[PROVIDED DATA]

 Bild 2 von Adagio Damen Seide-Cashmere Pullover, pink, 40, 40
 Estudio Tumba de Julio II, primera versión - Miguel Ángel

[/PROVIDED DATA]
[PROVIDED DATA]

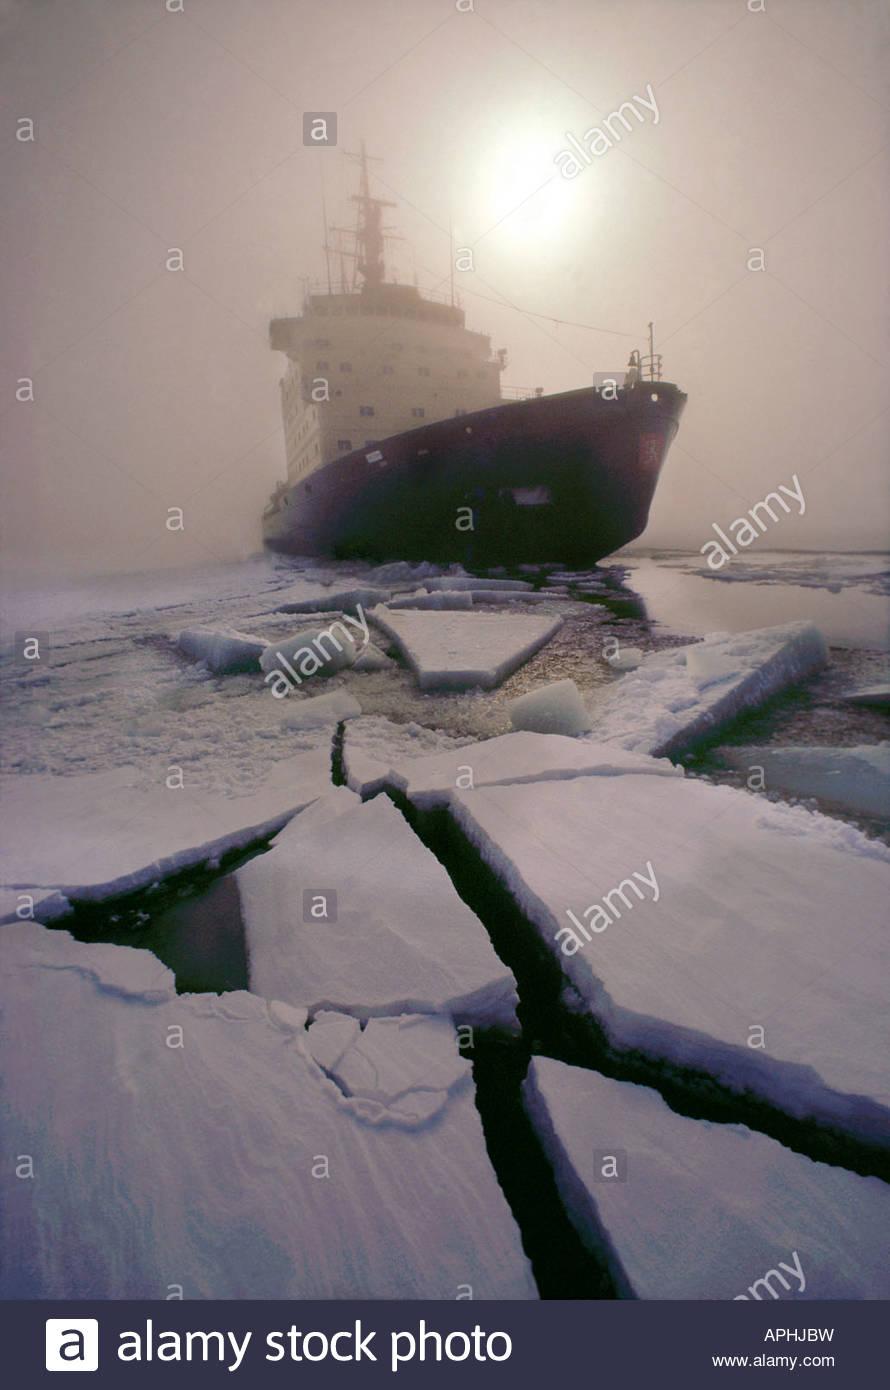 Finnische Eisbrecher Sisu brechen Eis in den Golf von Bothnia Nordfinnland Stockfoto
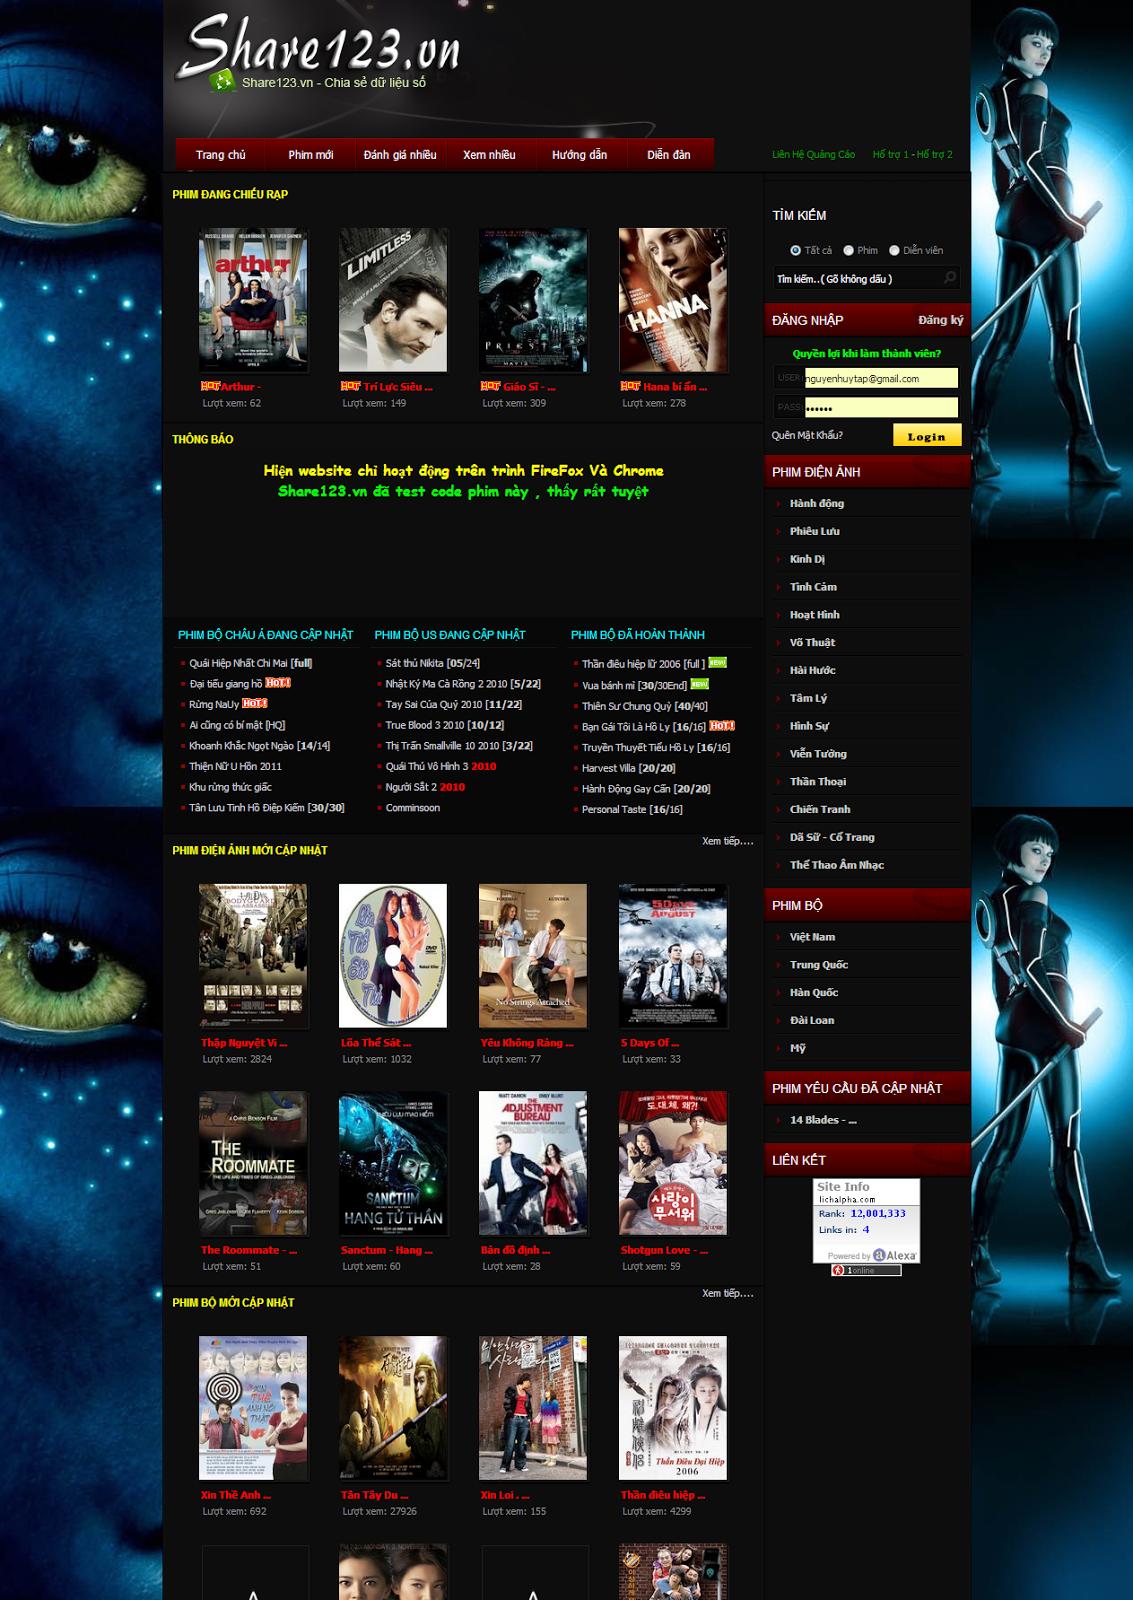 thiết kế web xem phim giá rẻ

[/PROVIDED DATA]

▶ TASK DIRECTIONS
Among the records above, only the lines between the line holding "Bild 2 von Adagio" and the line holding "Estudio Tumba de", inclusive, are to be output, exactly as written.

▶ TASK RESULT
 Bild 2 von Adagio Damen Seide-Cashmere Pullover, pink, 40, 40
 Estudio Tumba de Julio II, primera versión - Miguel Ángel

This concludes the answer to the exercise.